While repeatedly working to undermine, defund and even eliminate the CFPB, Trump officials are now beefing up the bureau’s administration ranks. On Wednesday, it was announced that Mark Calabria, the former director of the Federal Housing Finance Agency (FHFA) during President Donald Trump’s first term, had taken on an interim position at the CFPB.
News reports have said that Calabria will hold a key position in the bureau until Jonathan McKernan, Trump’s choice to run the bureau, is confirmed as the CFPB’s permanent director.

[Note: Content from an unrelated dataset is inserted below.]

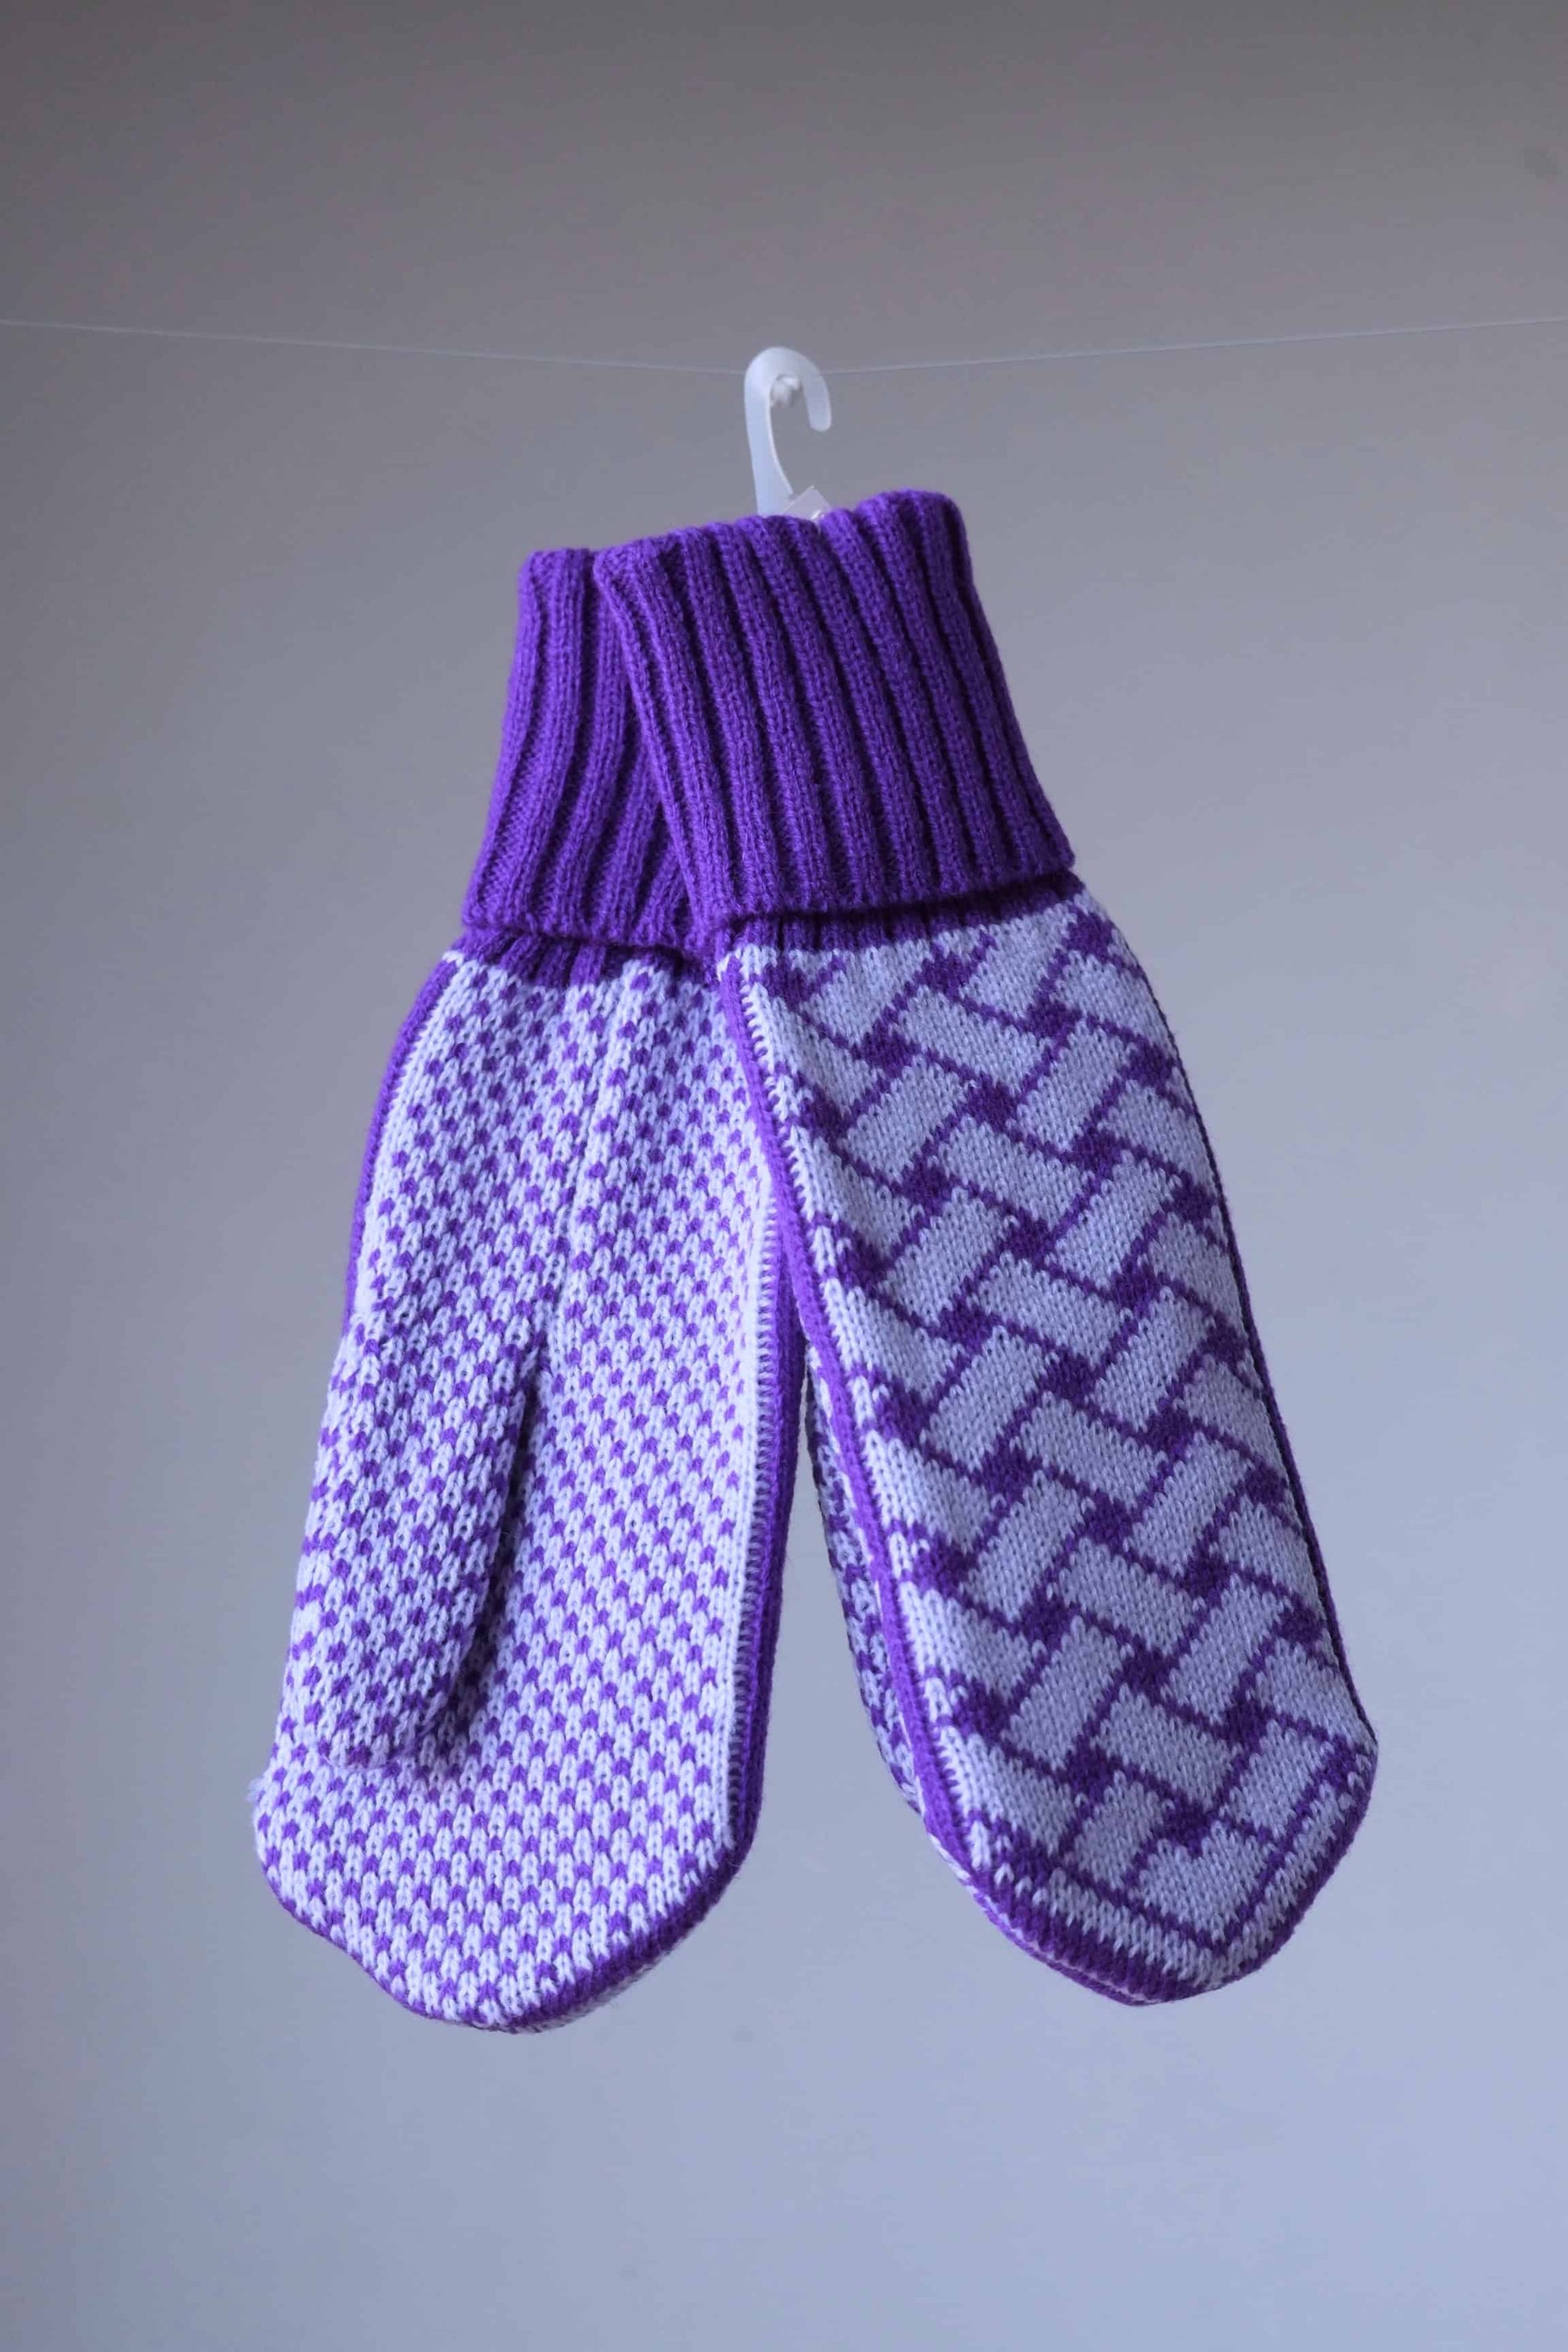 Purple and white wool mittens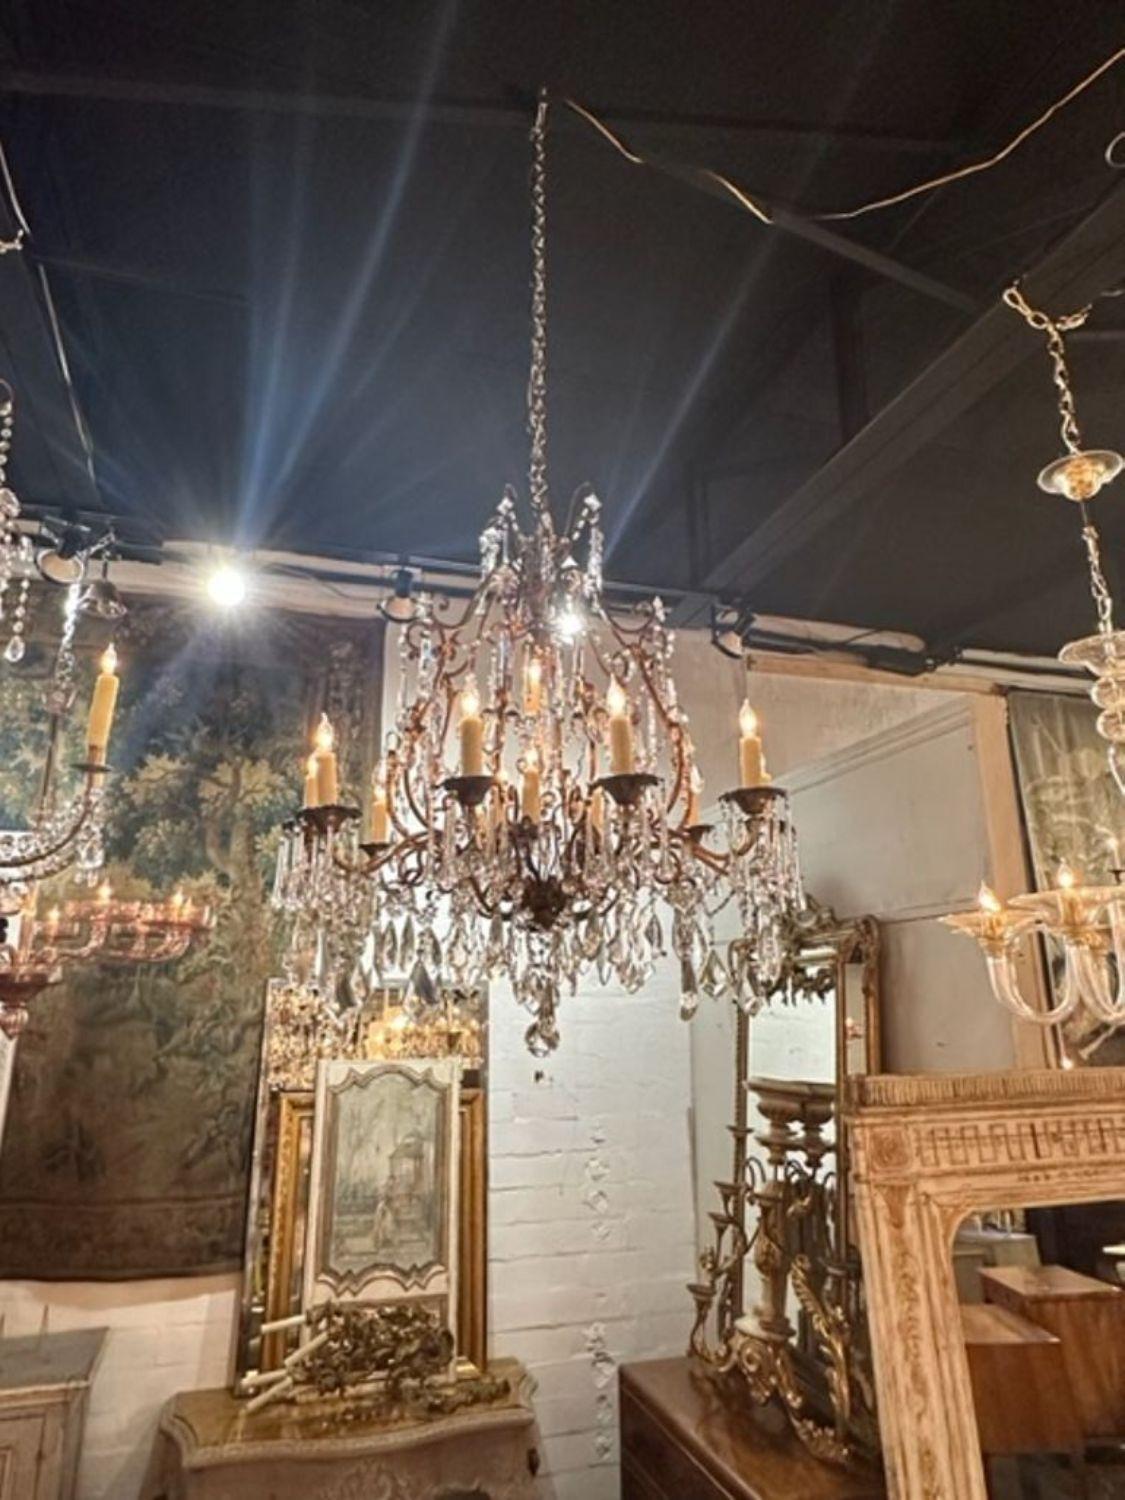 Wonderful pair of antique Italian crystal and amethyst chandeliers with 14 lights. Covered in gorgeous crystals on a beautiful curved base. A lovely pair!

Calabria, a past senior adviser to the Cato Institute and a new employee at the Office of Management and Budget (OMB), is known for his experience in financial regulation and overseeing the nation’s housing finance system.
Also in recent days, Jeffrey Clark was appointed as senior adviser to Mark Paoletta, the CFPB’s new chief legal officer. Clark is a close Trump ally and the former acting assistant attorney general in the Department of Justice’s environment and natural resources division during Trump’s first term.
Clark was a staunch defender of Trump’s attempts to overturn the 2020 presidential election and was even identified as an unindicted co-conspirator in the federal prosecution of Trump for his attempts to overturn the election. He was nearly disbarred in Washington, D.C., because of his efforts. Clark was also indicted along with 18 other people in the prosecution related to the attempts to overturn the 2020 election results in Georgia. That case is currently on hold.
More recently, Clark has been a senior fellow and director of litigation at the Center for Renewing America, a conservative think tank founded by Trump’s OMB director Russell Vought. It is Vought who is credited with being one of the authors of the Heritage Foundation’s Project 2025, which aims to advance conservative policies and reshape the federal government so that more power is placed with the executive branch.
It is not clear what policies this group would want to promote at the CFPB, especially considering various members of Trump’s administration have spoken openly about eliminating the consumer protection agency altogether. Currently, the CFPB remains shut down and its homepage is not functioning at the direction of Vought, who ran the bureau for a brief time in early February after the firing of former Director Rohit Chopra. Vought has also written online about his wish to cut off all funding to the bureau.
Trump adviser Elon Musk, who is also involved with the work of the Department of Government Efficiency, better known as DOGE, has repeatedly criticized the bureau, calling for it to be deleted. He even recently posted “CFPB RIP” with a tombstone emoji on his social media site X.